WHAT IS NEEDED -> The answer should be every line below, repeated exactly, with the images left out.

PROVIDED DATA ->

——

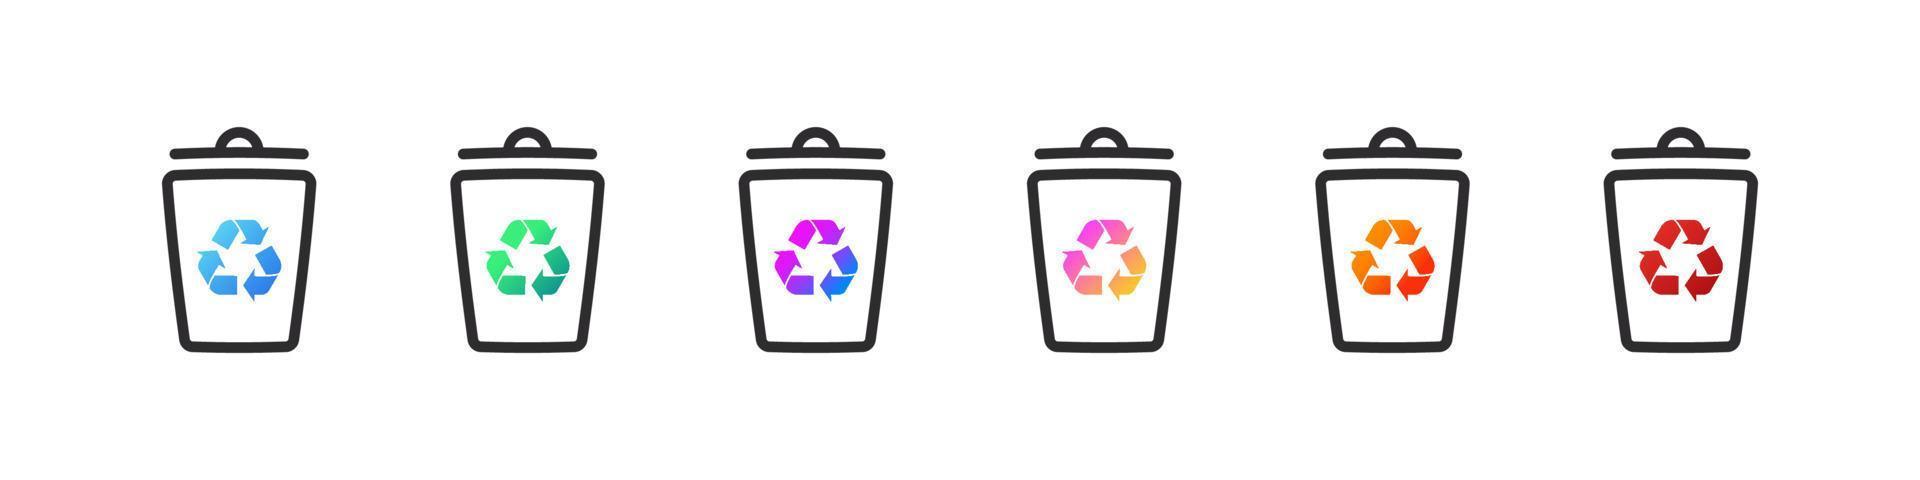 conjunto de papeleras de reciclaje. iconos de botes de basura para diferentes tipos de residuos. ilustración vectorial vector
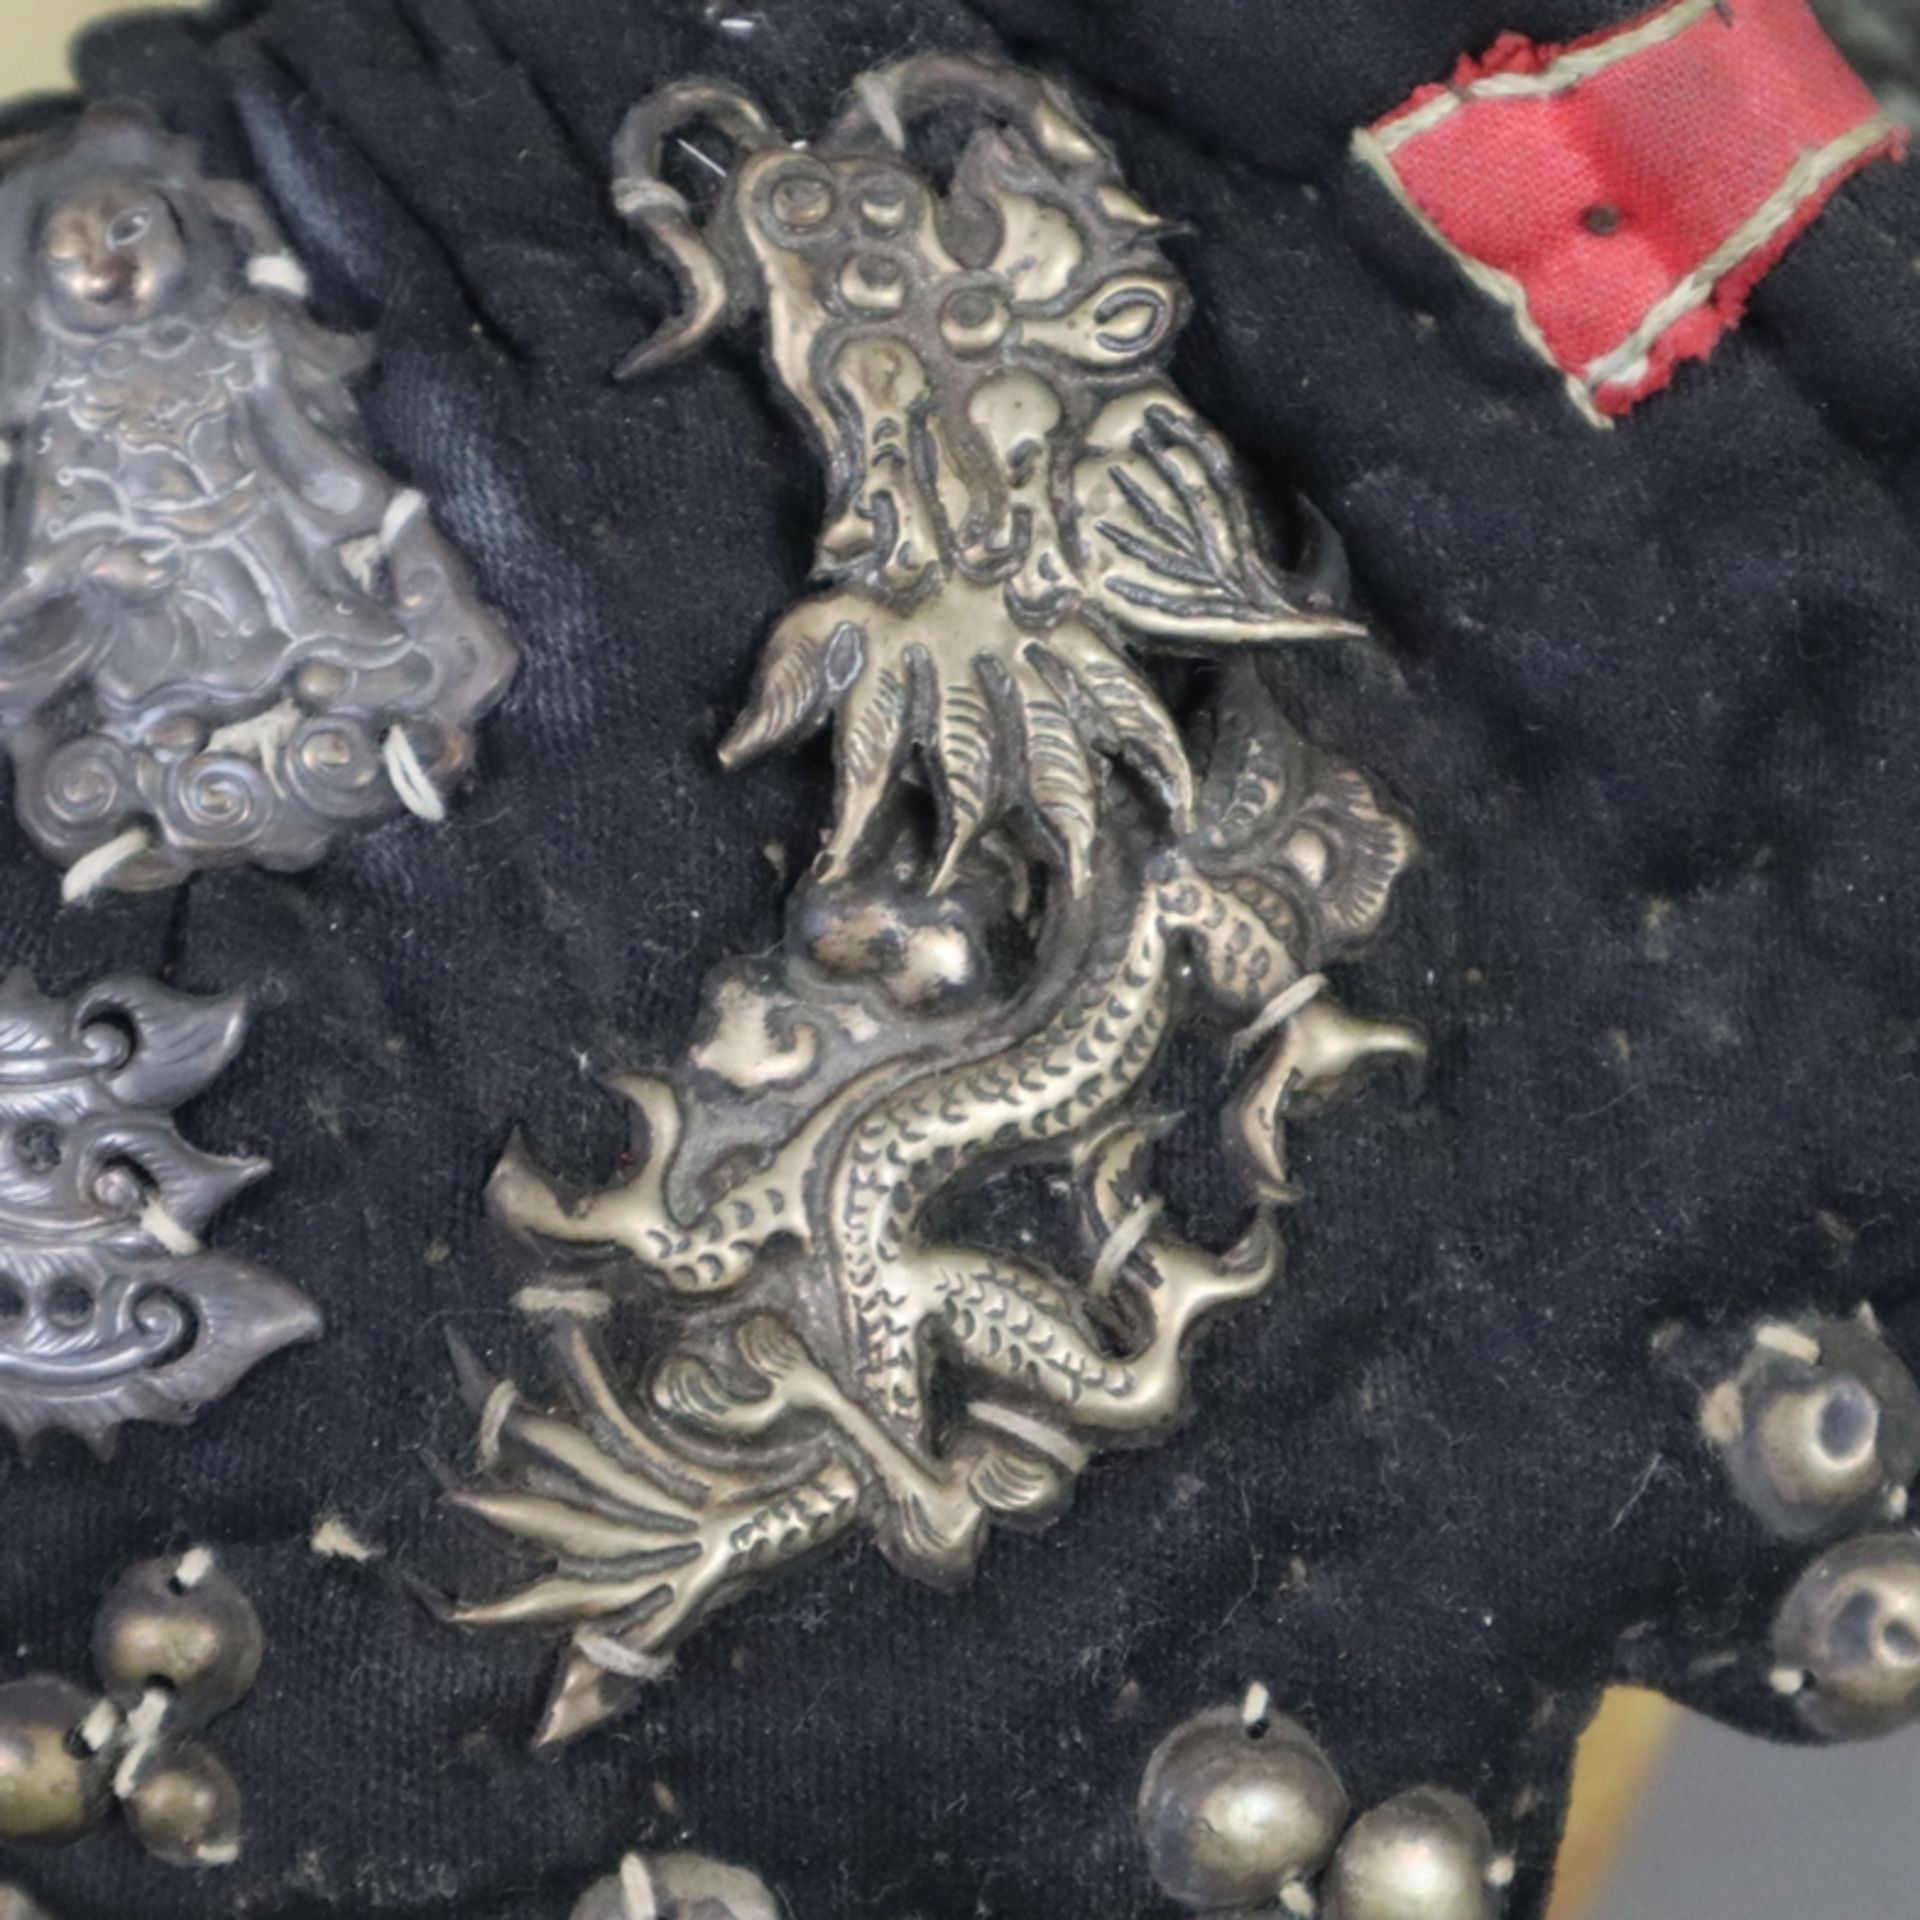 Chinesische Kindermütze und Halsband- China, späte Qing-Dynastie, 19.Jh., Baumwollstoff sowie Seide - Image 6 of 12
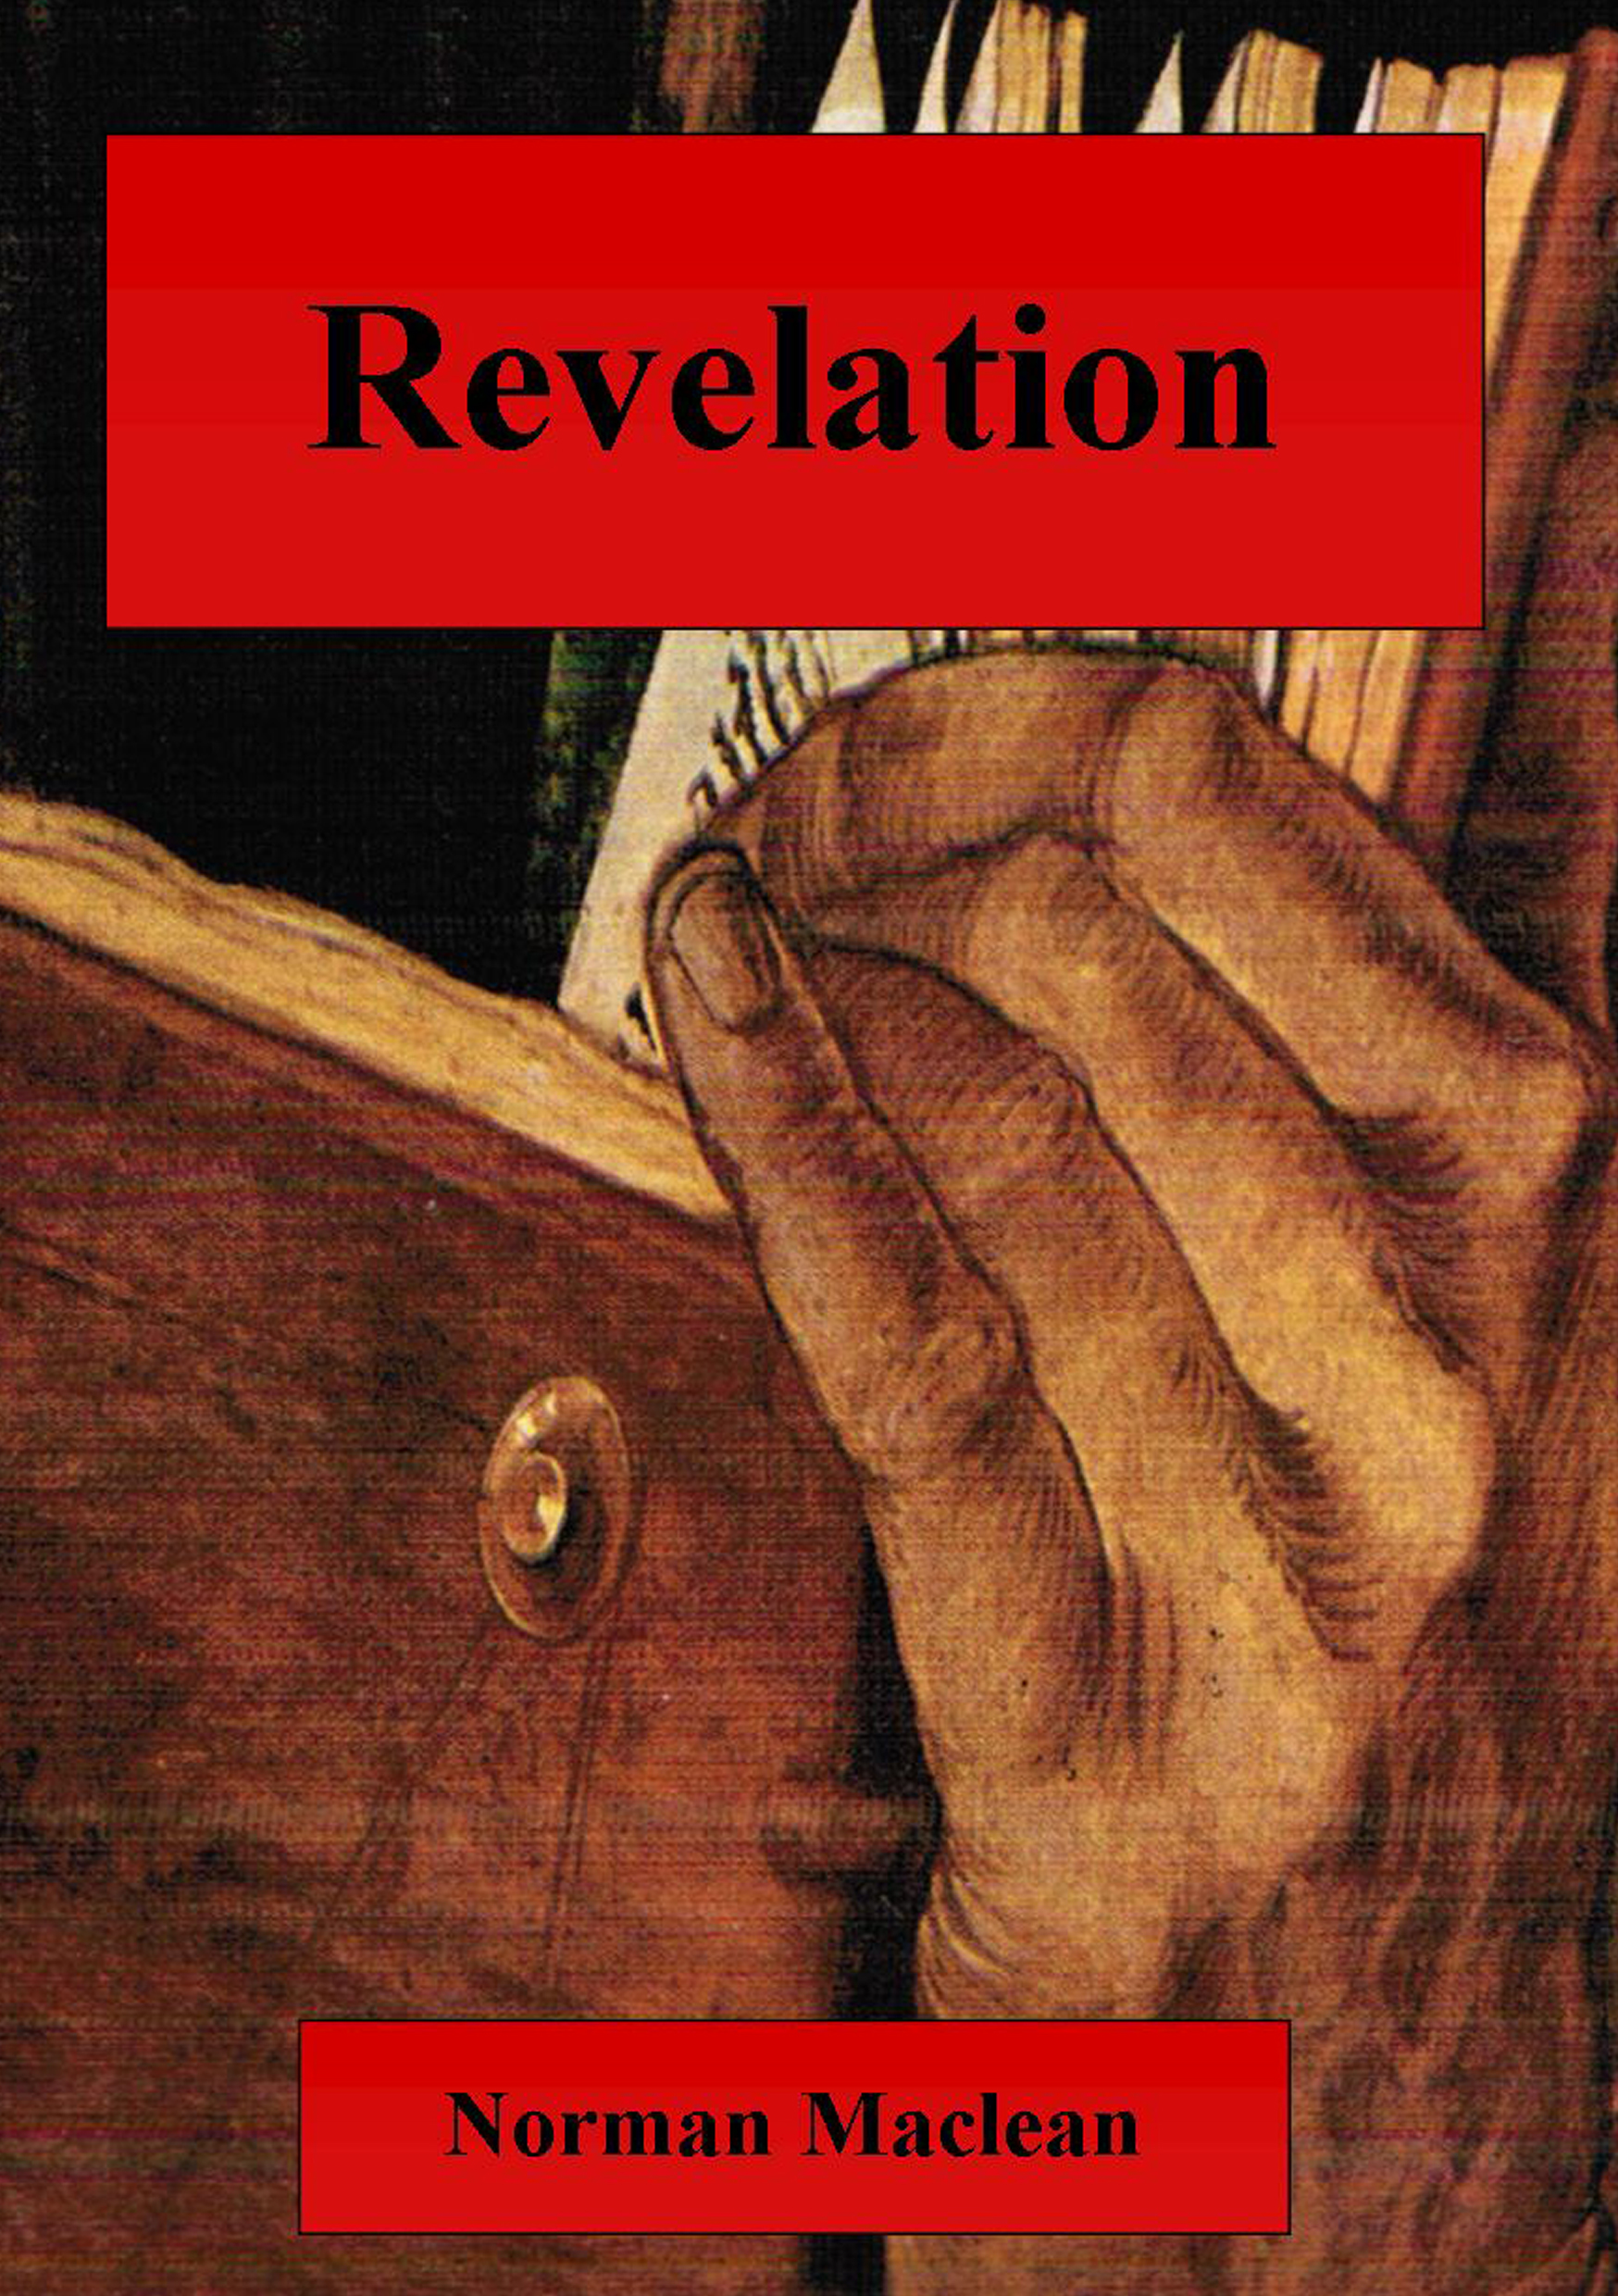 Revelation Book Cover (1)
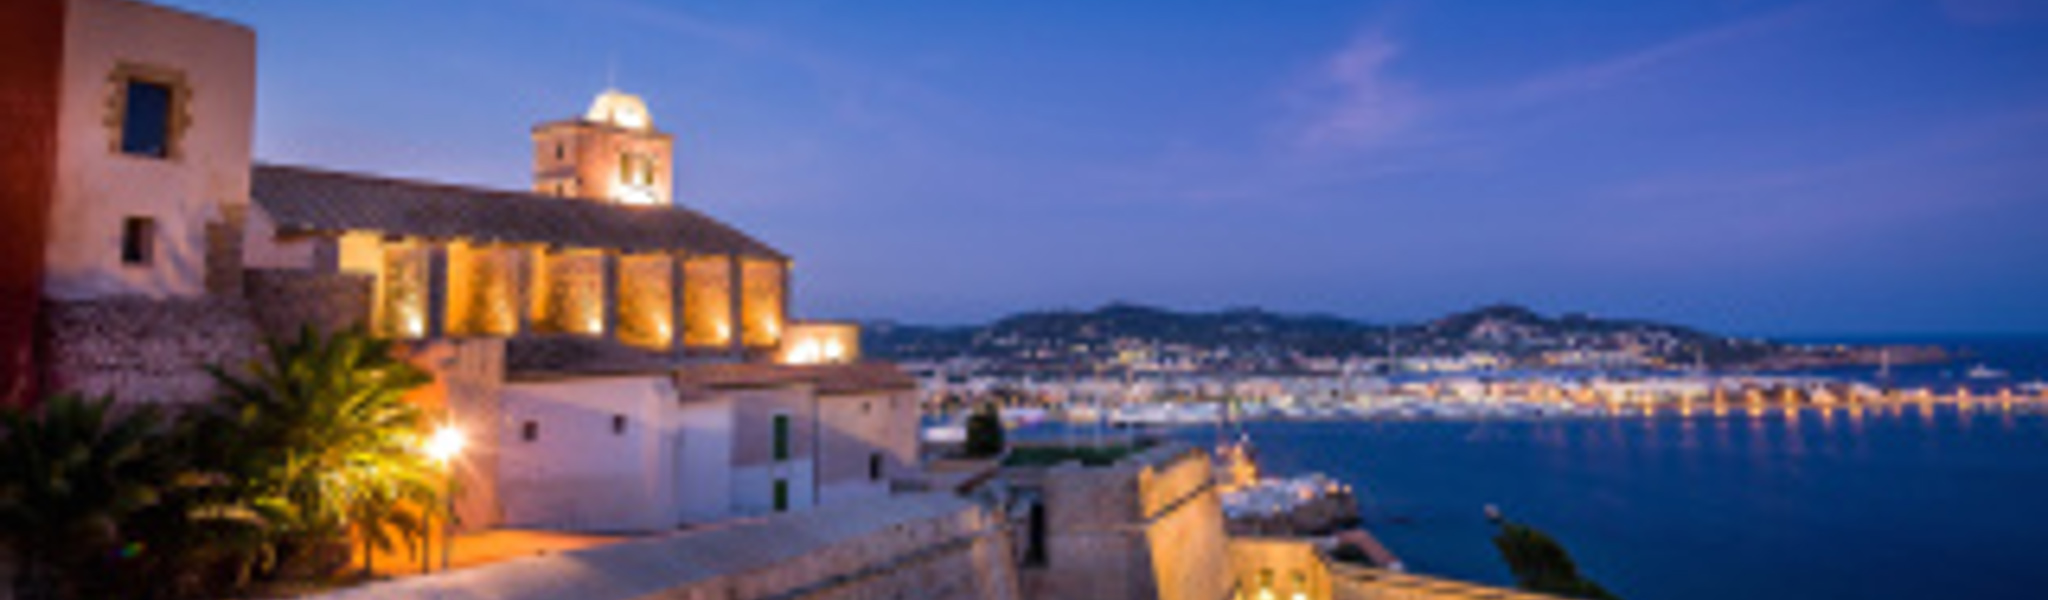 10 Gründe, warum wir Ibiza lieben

——

EXERCISE ANSWER ->
 conjunto de papeleras de reciclaje. iconos de botes de basura para diferentes tipos de residuos. ilustración vectorial vector
 Chinesische Kindermütze und Halsband- China, späte Qing-Dynastie, 19.Jh., Baumwollstoff sowie Seide - Image 6 of 12
 Revelation Book Cover (1)
 10 Gründe, warum wir Ibiza lieben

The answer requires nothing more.